▸ **RECORDED INFORMATION**:
══════

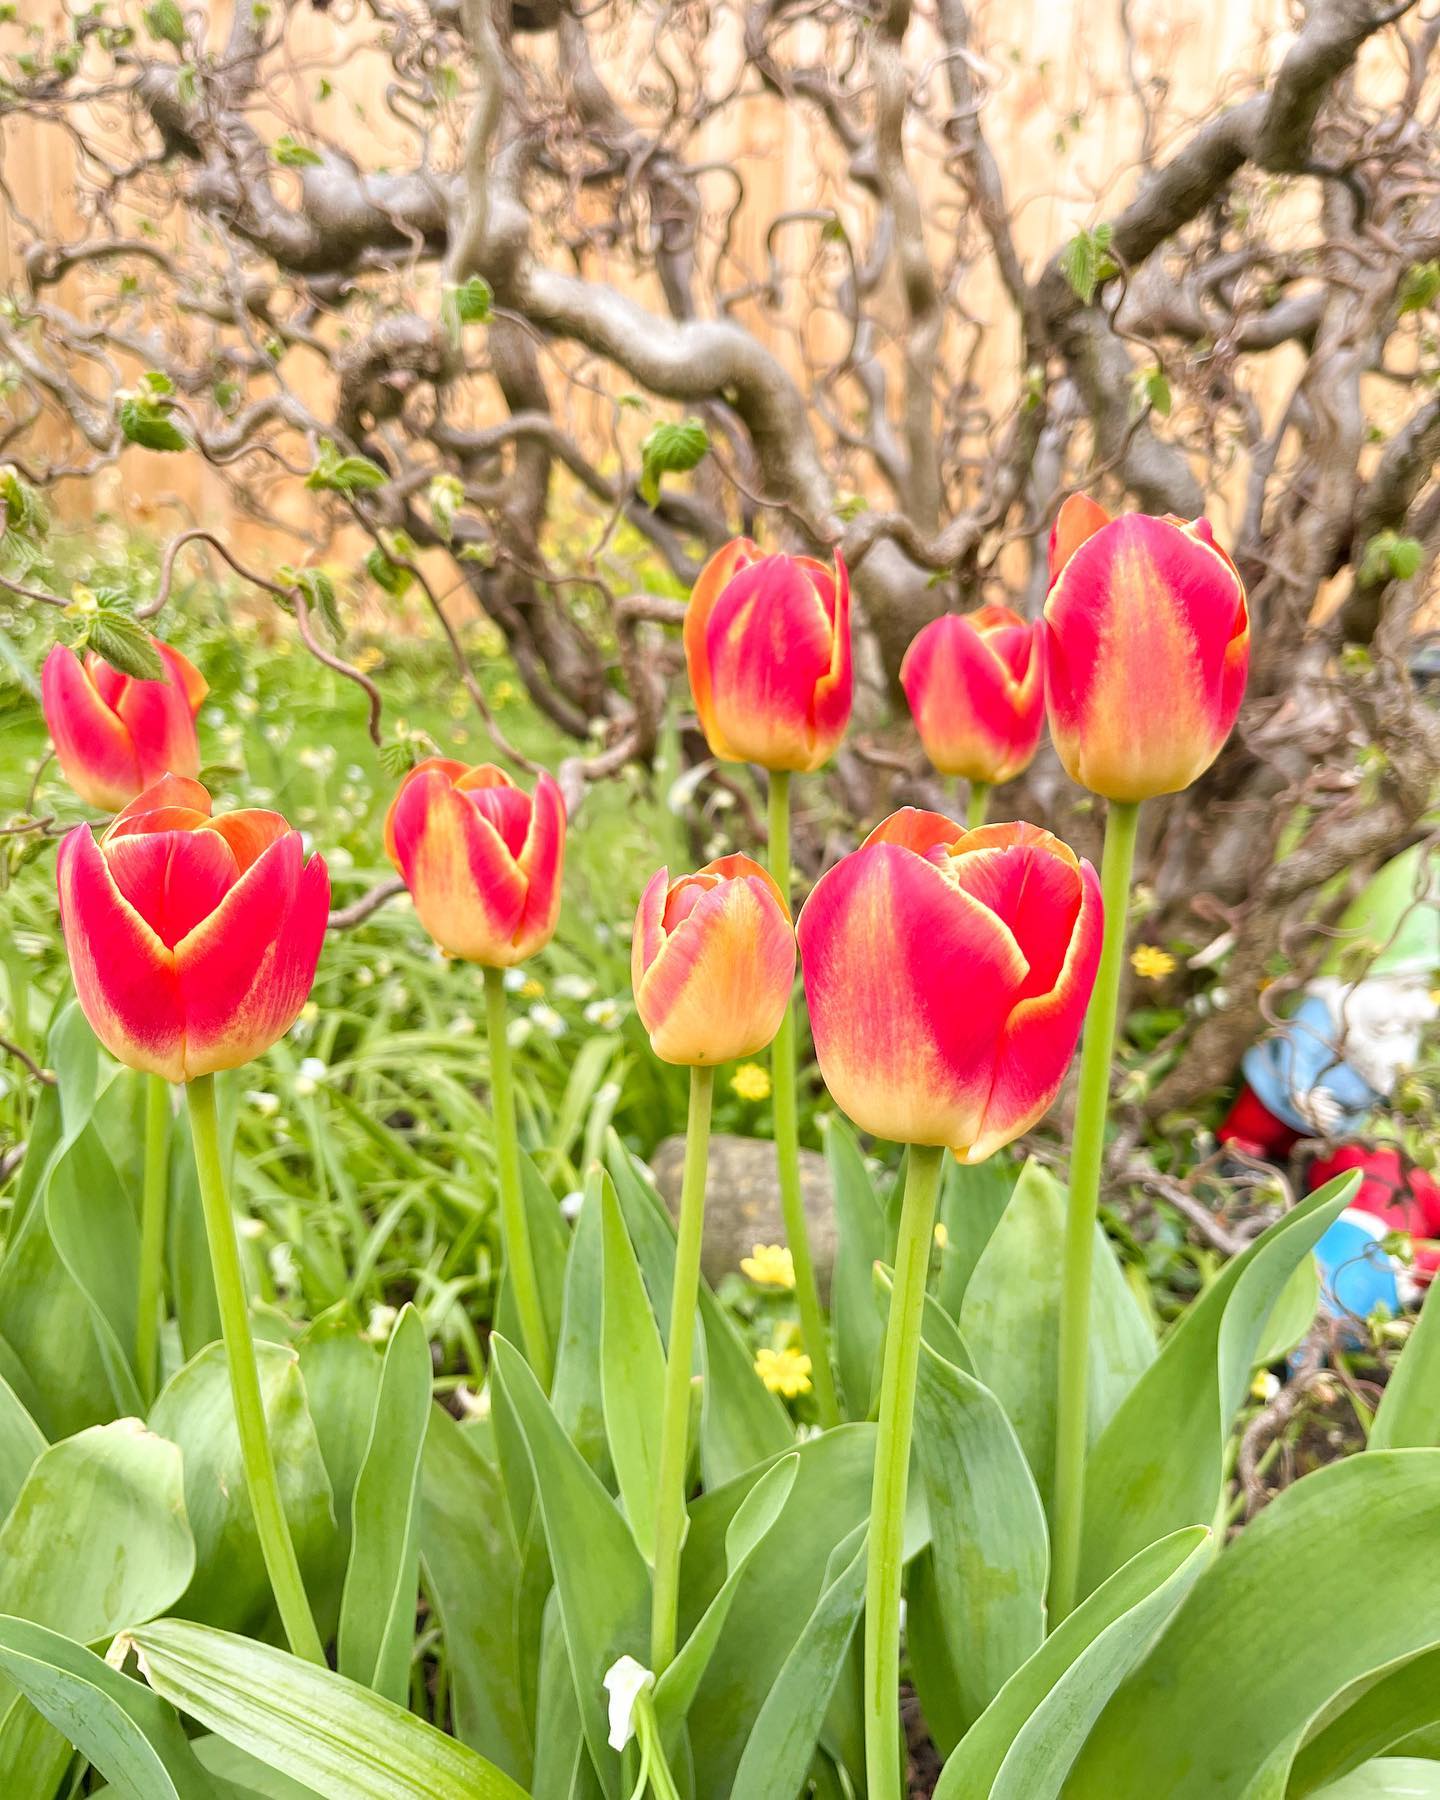 Tulips from the garden 🌷 
-
#tulipsgarden #tulipgarden #springtulips #tulipphotography #naturephotographer #wildlifephotography #gardennature #discoverunder2k #microblogger #natureblogger #wildlifeblogger #uktulips
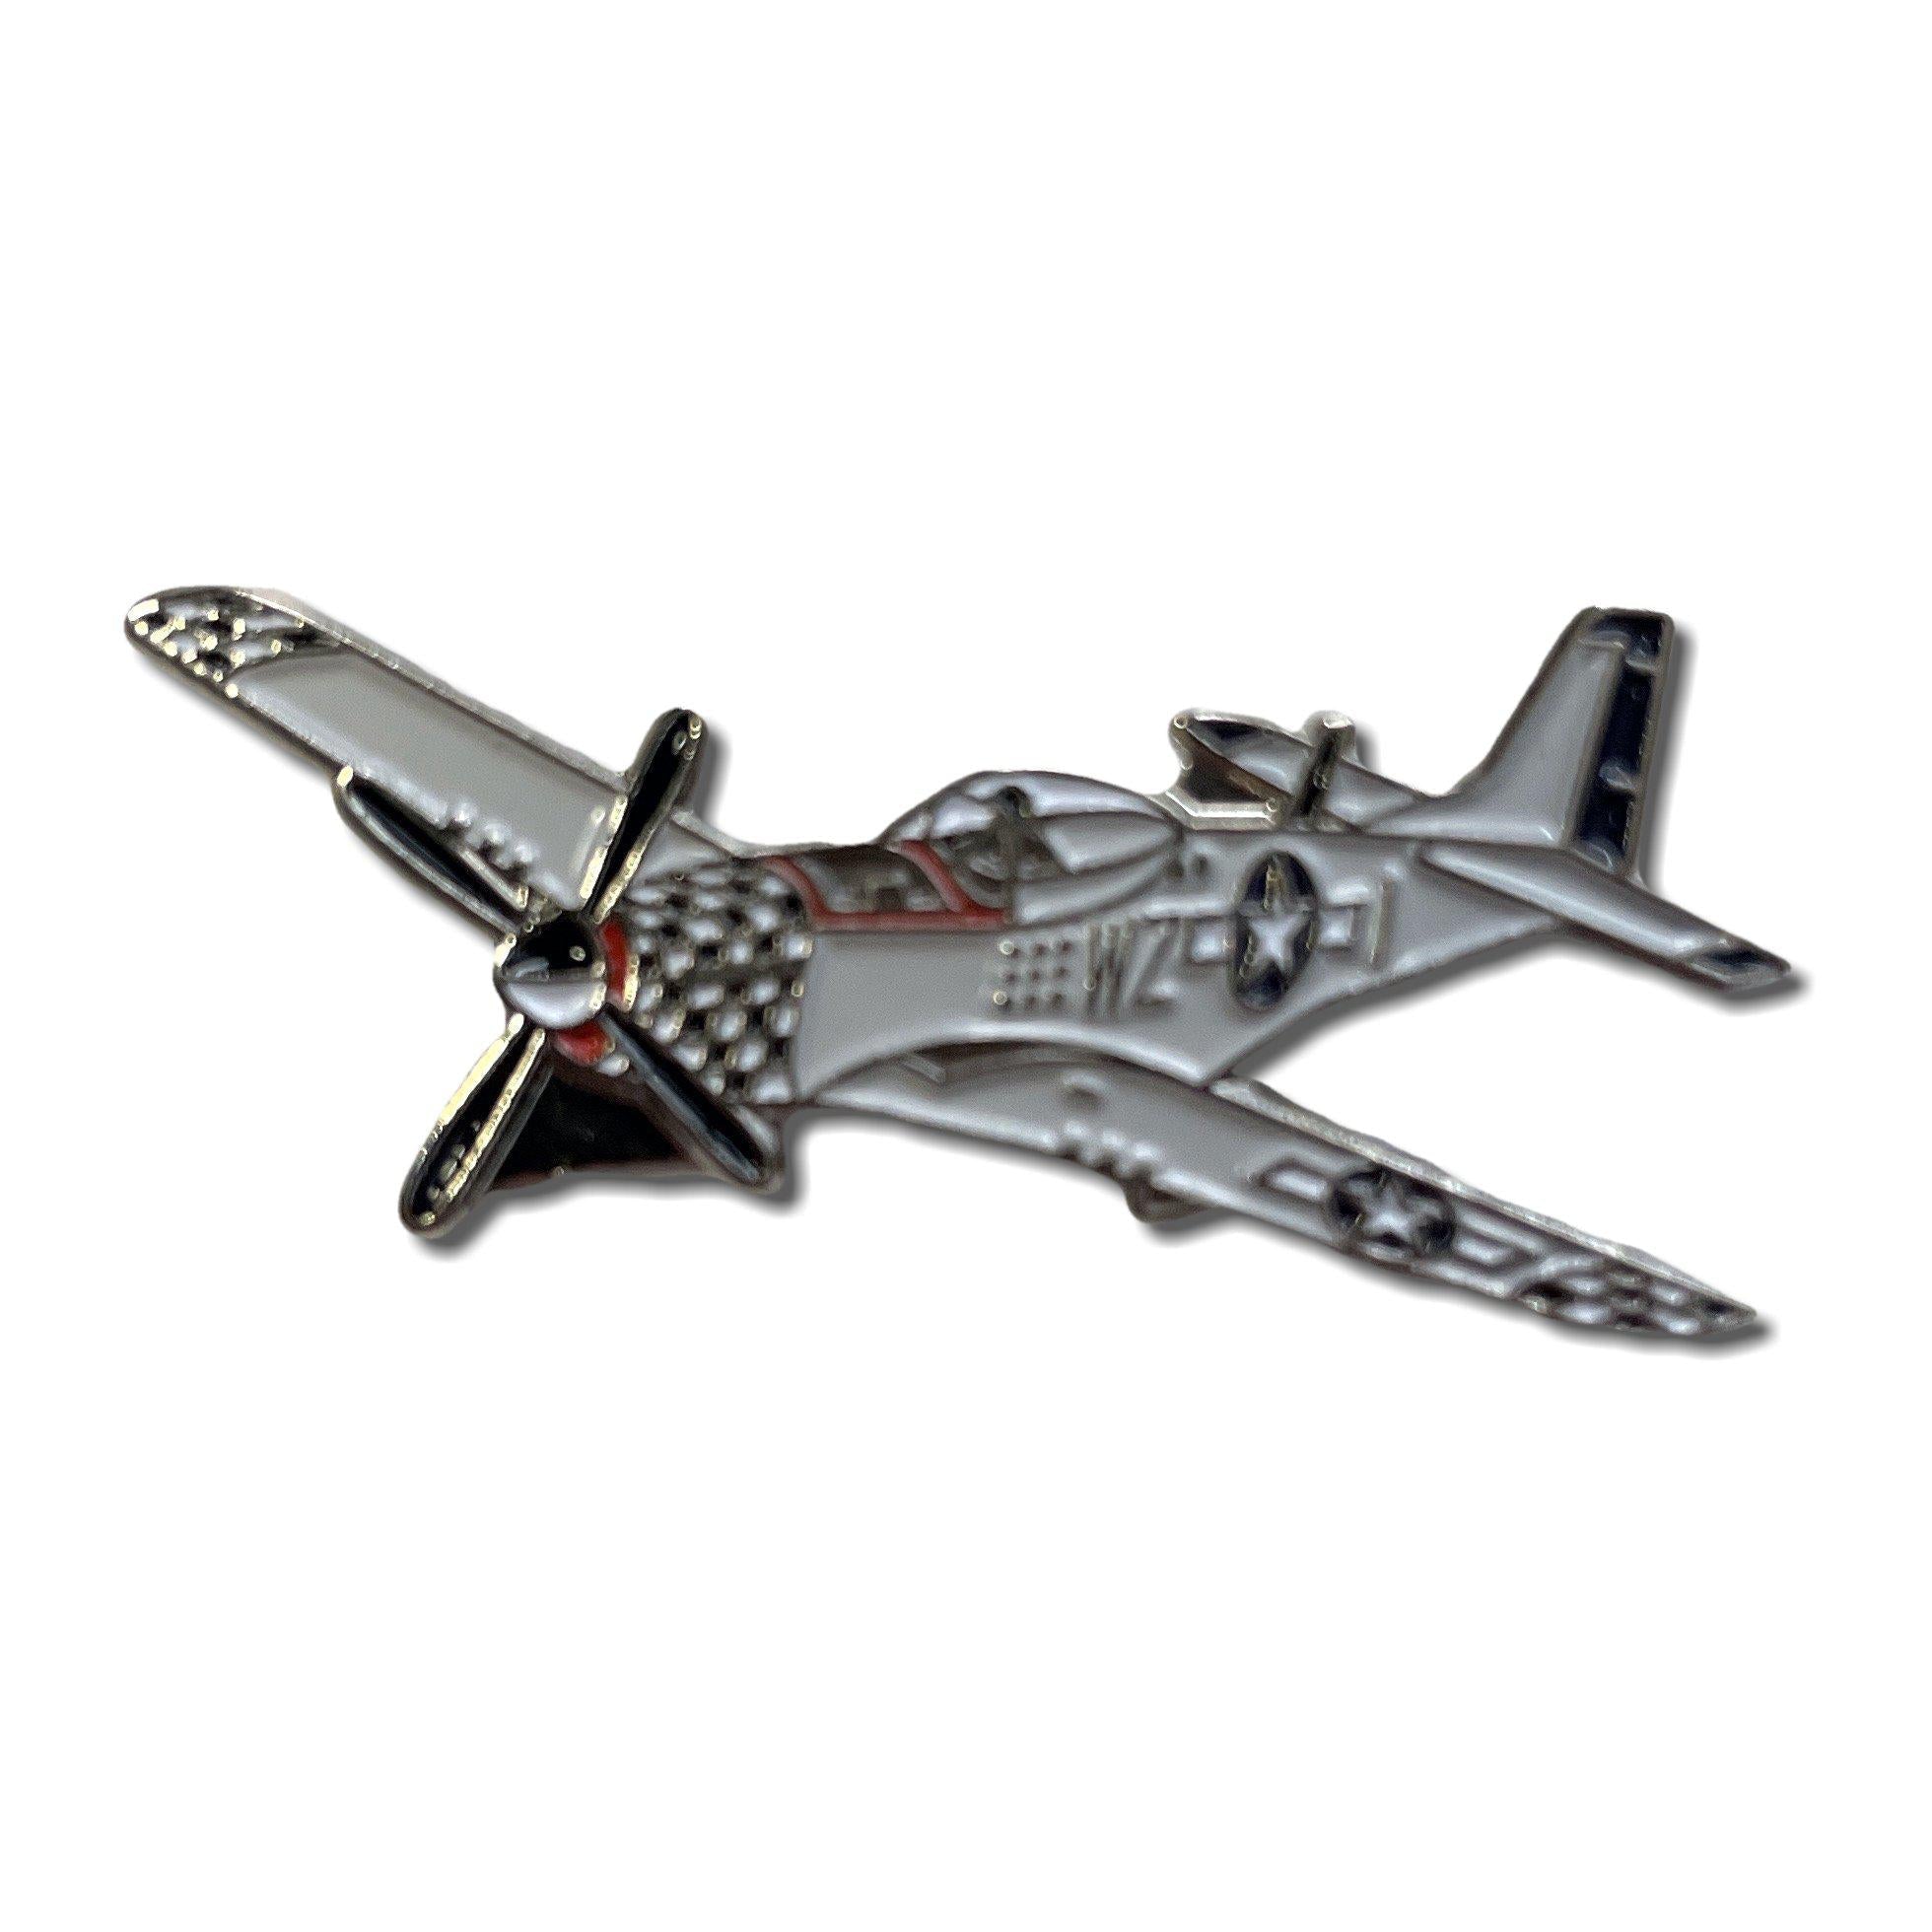 Metal & Enamel P51 Mustang Plane Pin Badge with Secure Locking

══════

▸ **DIRECTIONS FOR THIS TASK**: Print the full listing above exactly. Pictures stay out of the copy.

▸ **RESULT**:
 Tulips from the garden 🌷 
-
#tulipsgarden #tulipgarden #springtulips #tulipphotography #naturephotographer #wildlifephotography #gardennature #discoverunder2k #microblogger #natureblogger #wildlifeblogger #uktulips
 Metal & Enamel P51 Mustang Plane Pin Badge with Secure Locking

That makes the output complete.